Optical character recognition is widely used to digitize contracts, invoices, archival materials, and other documents. In real-world conditions, however, OCR systems often struggle with errors caused by stamps, signatures, non-standard fonts, or poor scan quality. Improving accuracy typically requires lengthy and costly training. MISIS researchers proposed a different approach, combining classical machine learning methods with modern generative neural networks.

At the core of the development is a closed interaction loop between the OCR engine and a language model. The system independently analyzes recognition results, identifies recurring errors, and corrects them, generating new training data in the process.

During experiments, this approach reduced model preparation time to three days of continuous operation and achieved Russian text recognition accuracy above 90 percent. This level of accuracy meets widely accepted industry standards.

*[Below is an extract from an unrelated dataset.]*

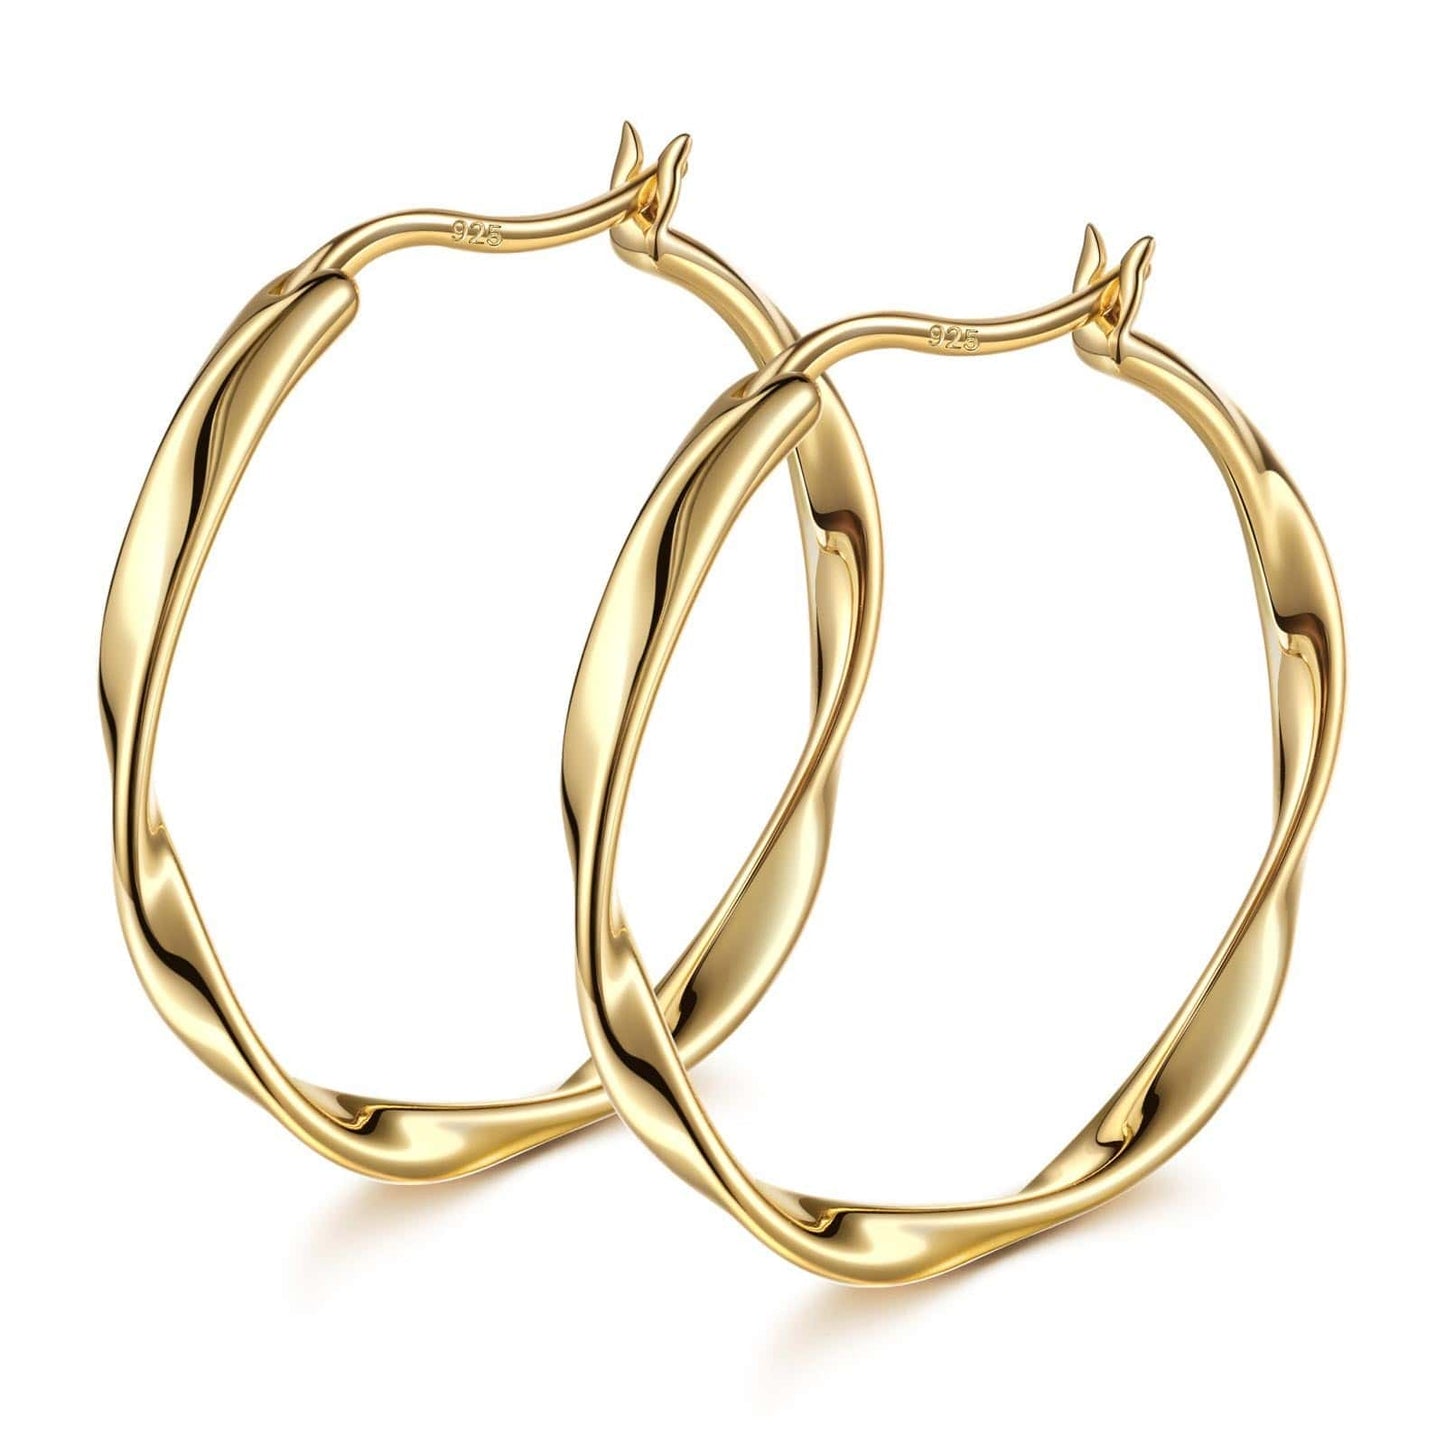 Tarnish-resistant Silver L Size Classic Hoop Earrings with Sterling Silver Ear Post In 14K Gold Plated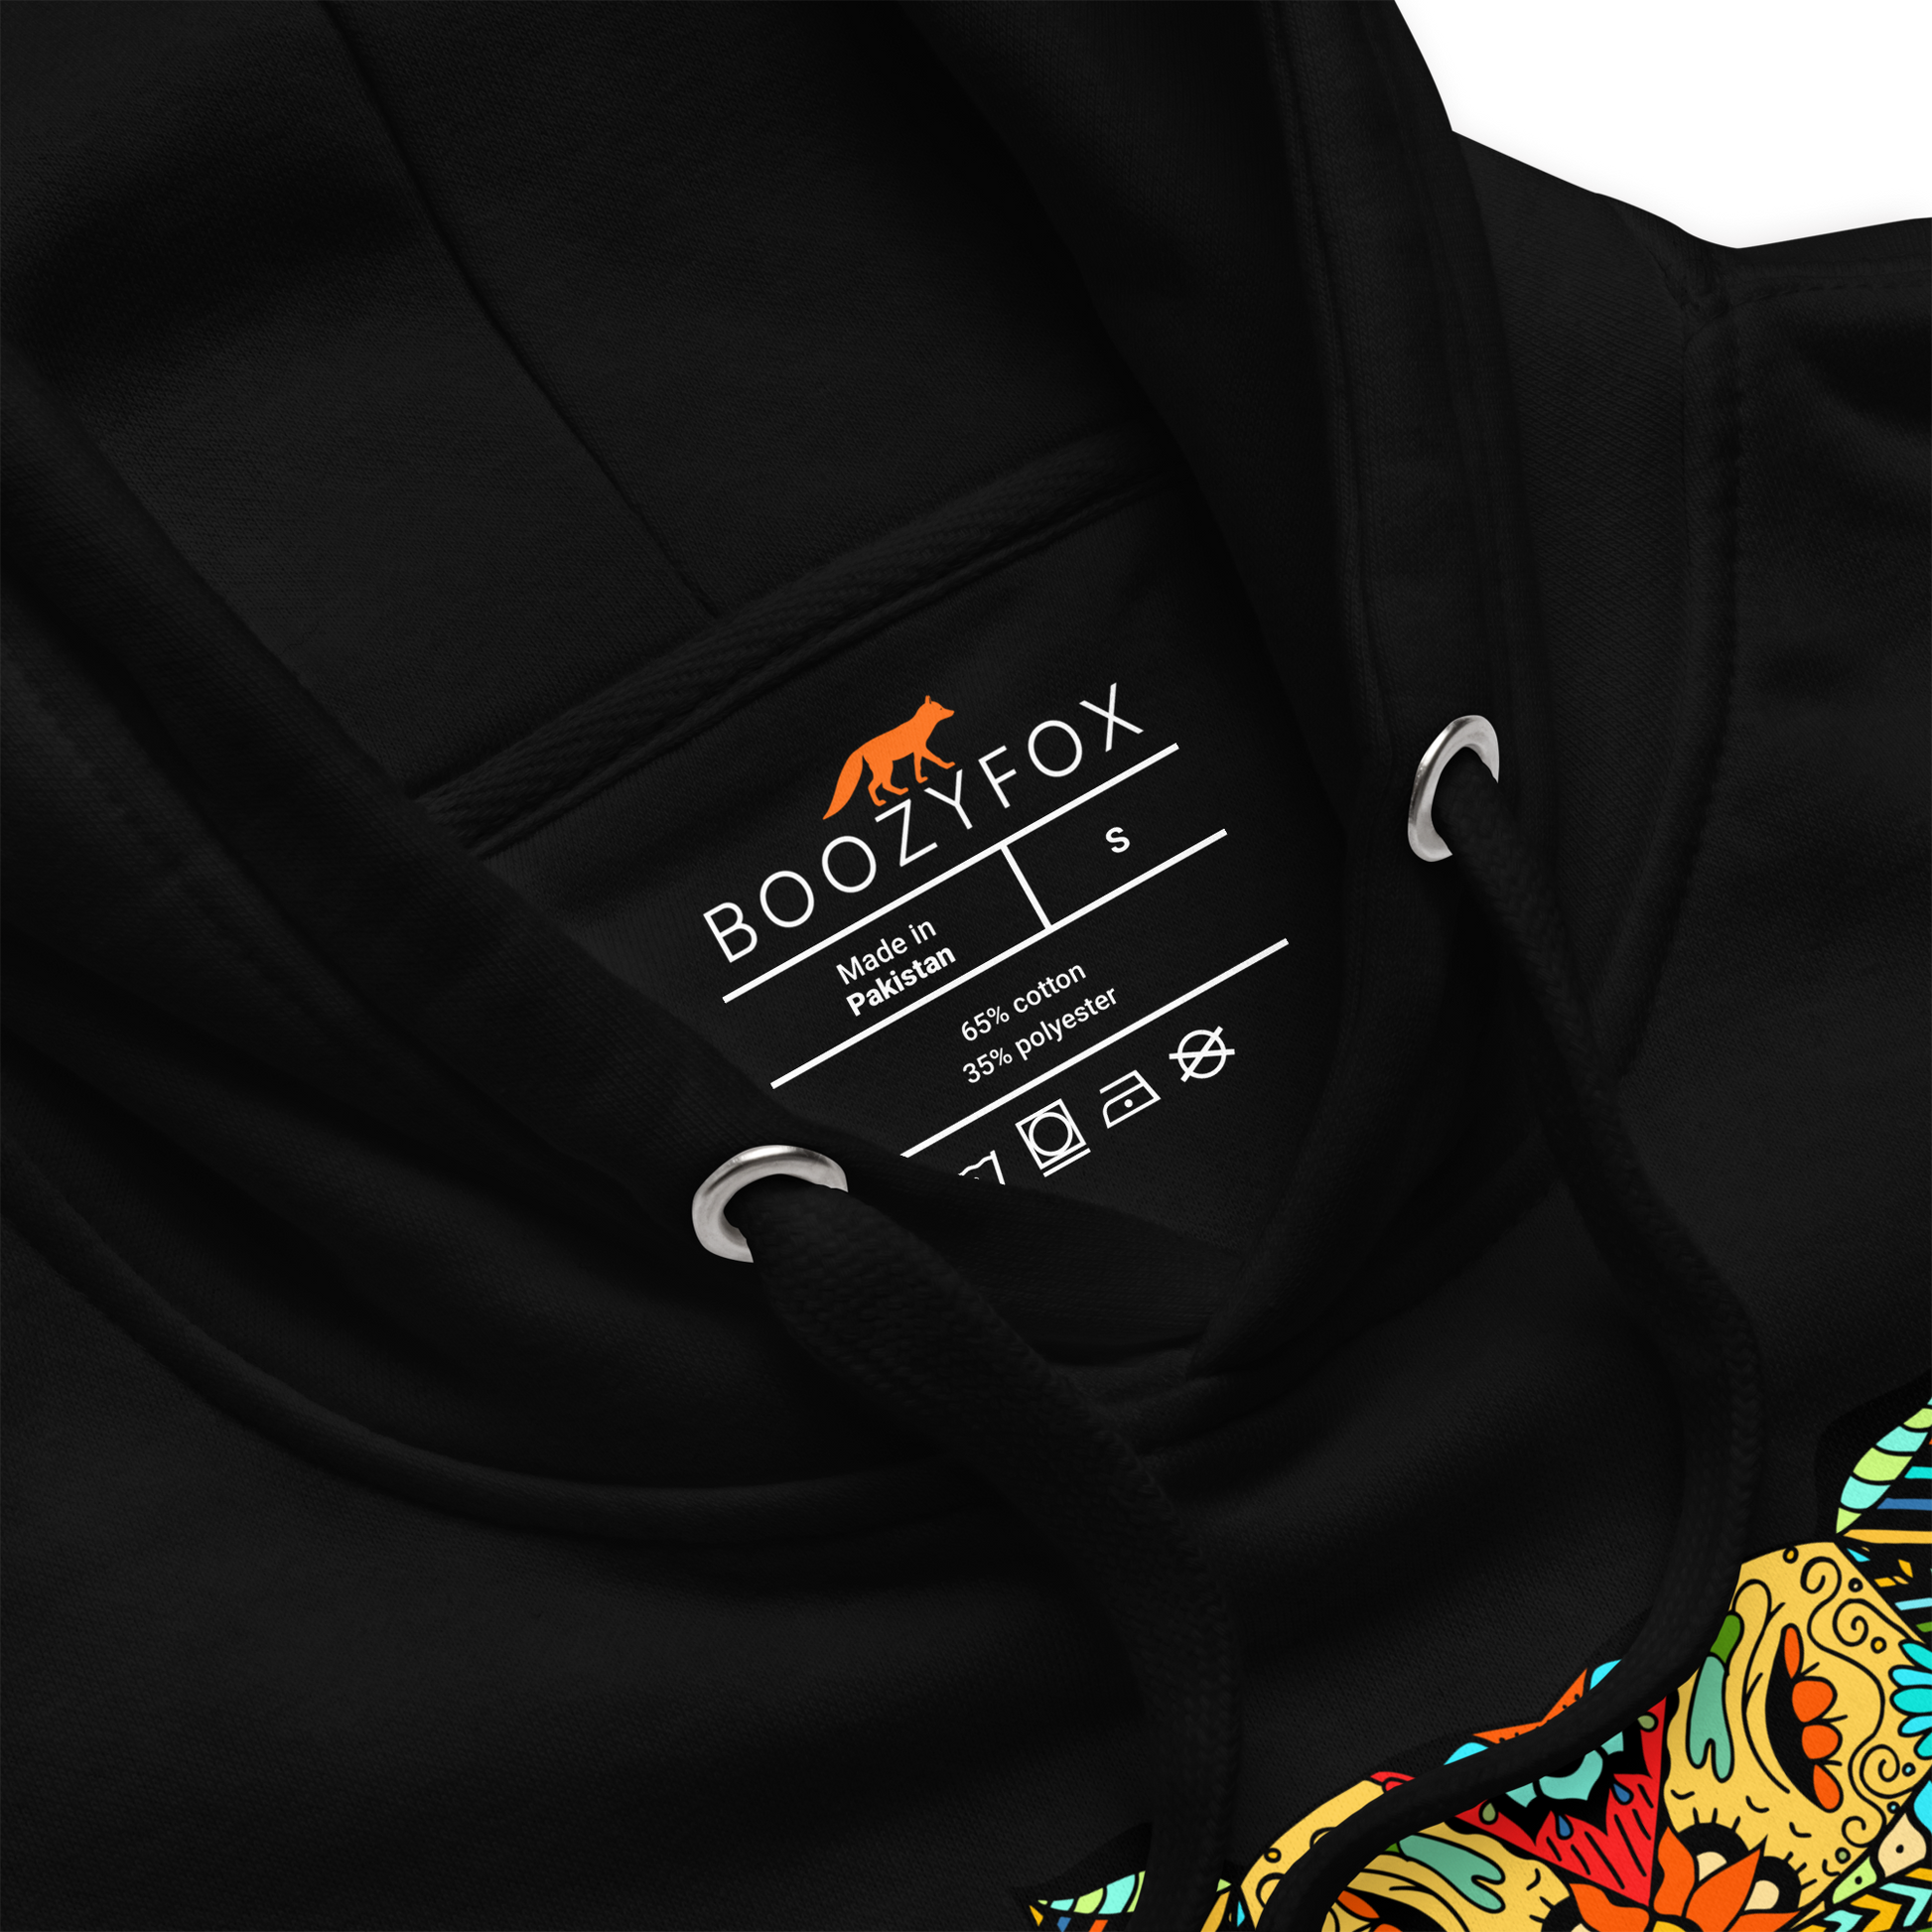 Product details of a Black Premium Hippo Hoodie featuring a vibrant Zentangle Hippo graphic on the chest - Cool Graphic Hippo Hoodies - Boozy Fox

Under Non-Ideal Conditions

As noted by Kirill Pronin, a master’s student at the MISIS Institute of Computer Science, the use of generative models reduced training costs by nearly one-third and lowered the required size of test datasets. An additional advantage is the ability to simulate “non-ideal” conditions, such as poor print quality, complex layouts, and blurred images, which improves the robustness of neural network training.

Associate Professor Alexander Suleikin of NUST MISIS emphasized:

“This approach brings OCR solutions closer to real operating conditions. The development opens the door to more affordable and accurate tools for document workflow automation.”

The research results were presented at the international ISKE conference in China and will form the basis for new industrial and scientific developments.